Computational materials science research produces large amounts of static and time-dependent data that is rich in information. Extracting relevant information from these data to determine underlying processes and mechanisms constitutes an important scientific challenge. It is the goal of this project to use and develop physics-based ray-tracing and stereoscopic rendering techniques to visualize the structure of existing and novel materials e.g. for solar-energy harvesting, optoelectronic applications, and focused-ion beam technology. This team will develop codes e.g. based on the open-source ray-tracer Blender/LuxRender and the open-source yt framework to produce image files and movies. Stereoscopic images will be visualized using virtual-reality viewers such as Google Cardboard, Oculus Rift, or HTC Vive. Preliminary implementations exist and within this project the team will develop GPU-based visualization codes to enable high-throughput rendering of large data sets.

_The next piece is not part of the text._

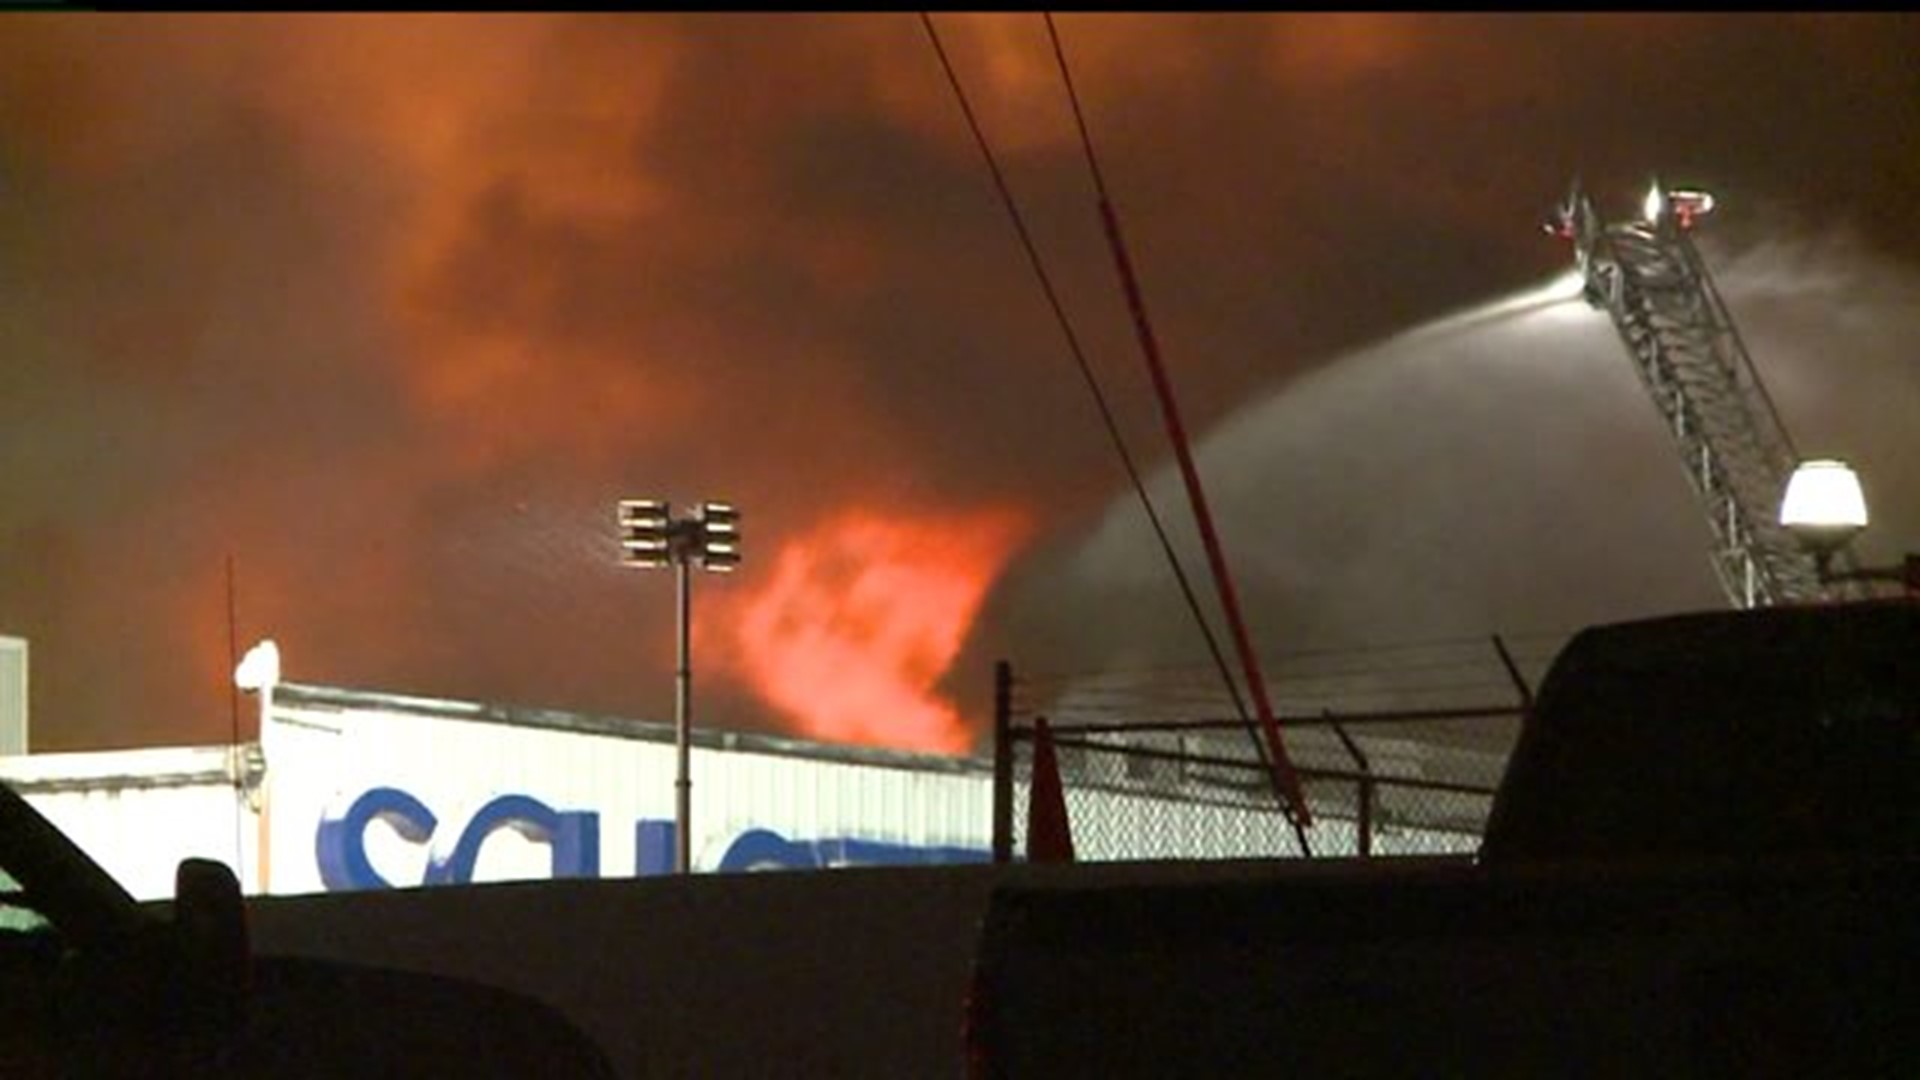 Update: Fire Hits Schott Glass Facility in Duryea

Skills that are beneficial for this work: Java/Android/iOS app development; OpenGL/Unity/WebGL; VR code development, ideally Google Daydream; creativity and motivation.

NCSA SPIN mentor Sever Tipei

The project consists of expanding the features of DISSCO, software that combines composition, sound design and music notation/printing in a seamless process. Written in C++ it includes a Graphic User Interface using gtkmm. Since random distributions could be introduced by the user at all structural levels, DISSCO produce multiple variants of the same composition that preserve a basic framework while differing in details. Future efforts will include researching how elements of Graph Theory and Information Theory could contribute to the realization of an Evolving Entity, a composition that is computed over long periods of time creating multiple consecutive variants resembling the transformations of a living organism (artificial life).